Is possible to go from $$\int_0^t\int_0^s f(x-ct+2cs-cr,r) \, \Bbb{d}r \, \Bbb{d}s$$ to $$\frac{1}{2c}\int_0^t\int_{x-c(t-z)}^{x+c(t-z)} f(y,z)\,\Bbb{d}y\,\Bbb{d}z,$$ where $c\in \Bbb{R}$, $x\in \Bbb{R}$, $t\gt 0$, with some smart substitution or am I completely wrong?
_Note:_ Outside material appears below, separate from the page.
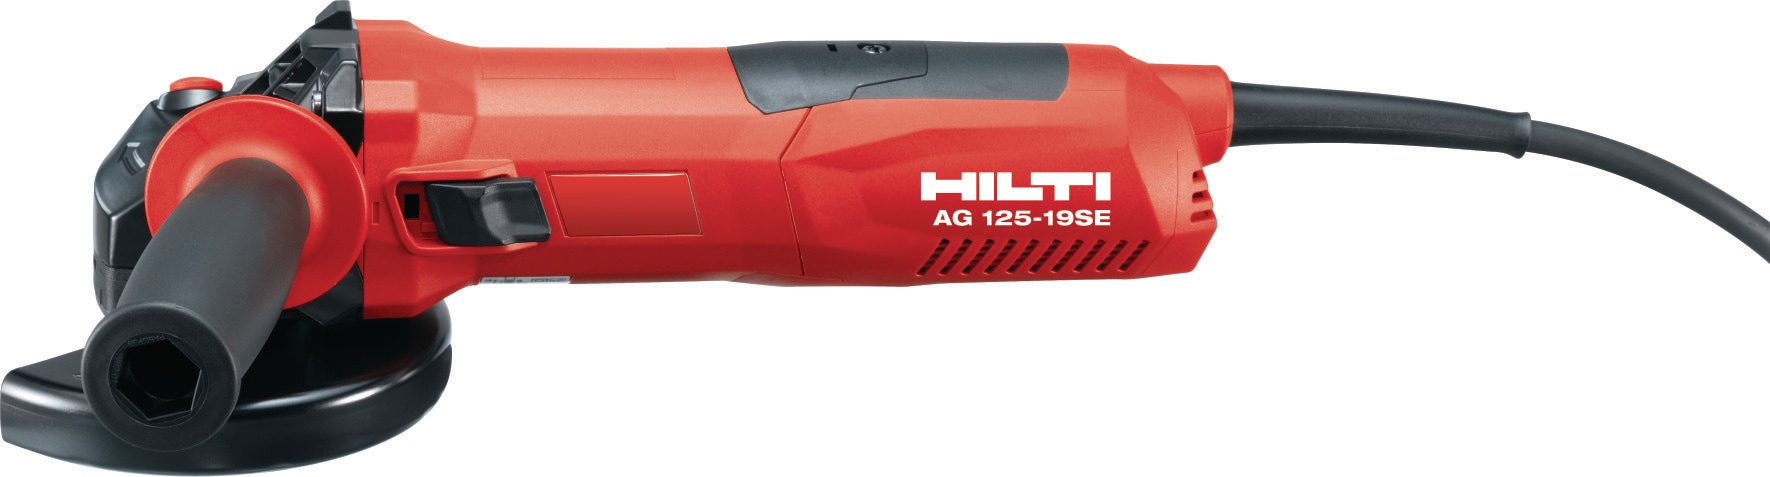 未着用品 【】HILTI AG 125-A22 ディスクグラインダー www.m
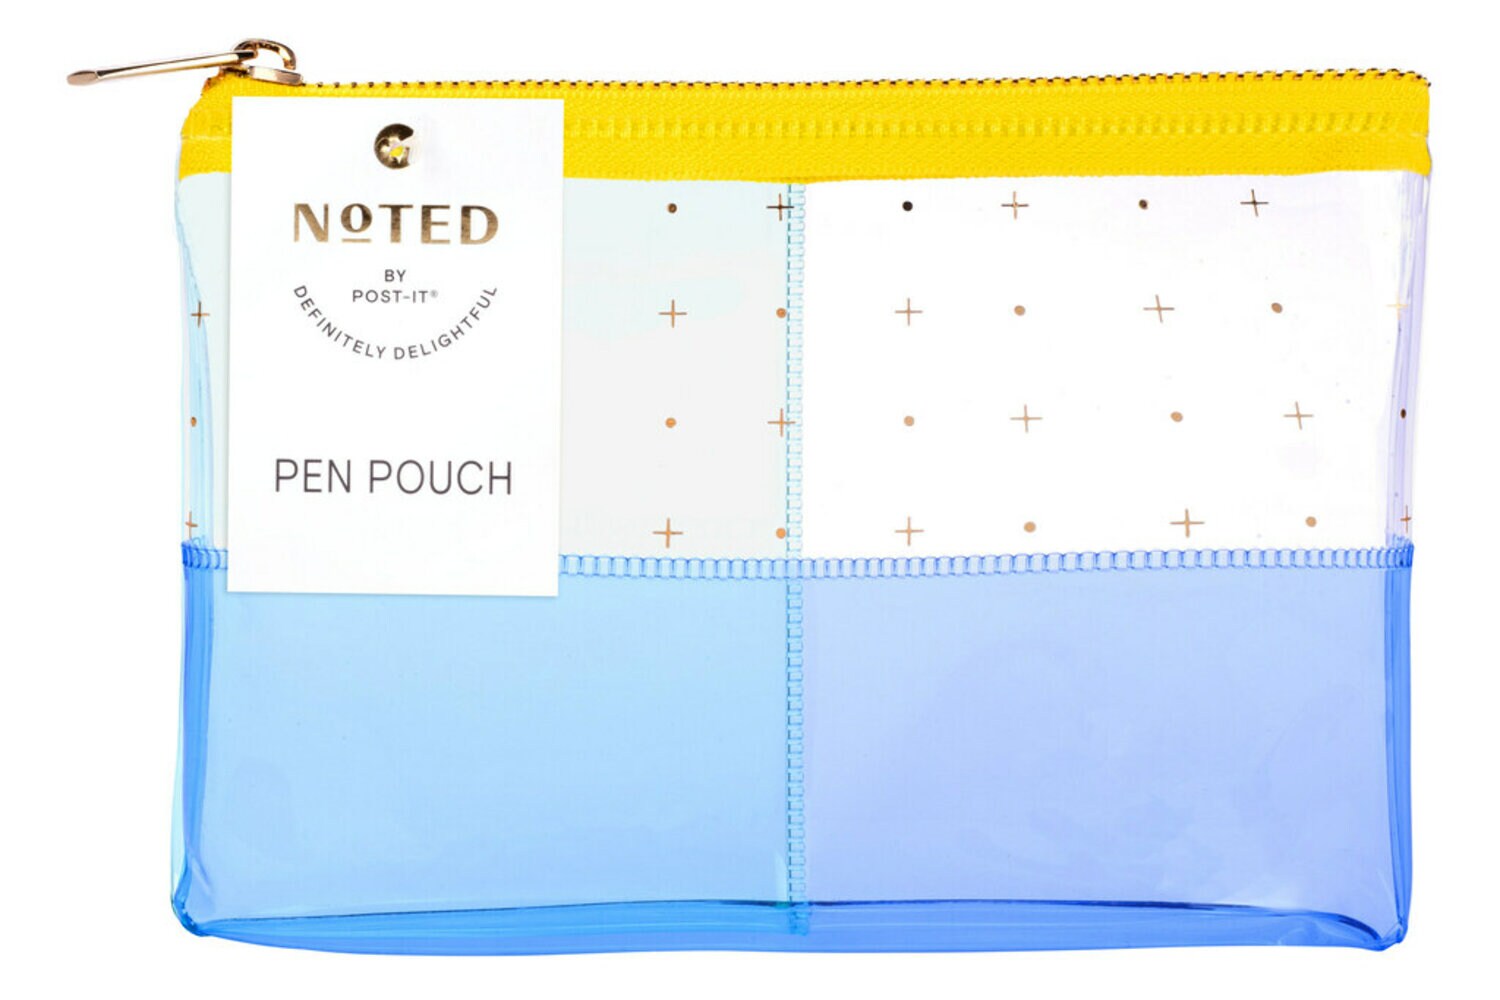 7100264684 - Post-it Pen Pouch NTD5-PP-CLW, One Pen Pouch

What I am trying to do is to get the general solution of the nonhomogenous 1D wave equation with zero initial conditions $$u_{tt}-c^2u_{xx}=f(x,t), $$ $$u(x,0)=0,u_t(x,0)=0, $$ by solving an equivalent problem, which is system of two nonhomogenous transport equations $$u_t+cu_x=v(x,t), $$ $$v_t-cv_x=f(x,t) $$ and now I am stuck with this integral.

Answer 1

The trick here is to use Fubini's first, finding that your integral is equivalent to $$ \int_0^t\int_r^tf(x-ct+2cs-cr,r)\mathrm ds\mathrm dr $$ then perform your substitution $$ y=x-ct+2cs-cr\implies \mathrm dy=2c\mathrm ds $$ and your upper limit is $$ y=x+ct-cr=x+c(t-r) $$ and your lower limit is $$ y=x-ct+cr=x-c(t-r) $$ yielding your final integral $$ \frac{1}{2c}\int_0^t\int_{x-c(t-r)}^{x+c(t-r)}f(y,r)\mathrm dy \mathrm dr $$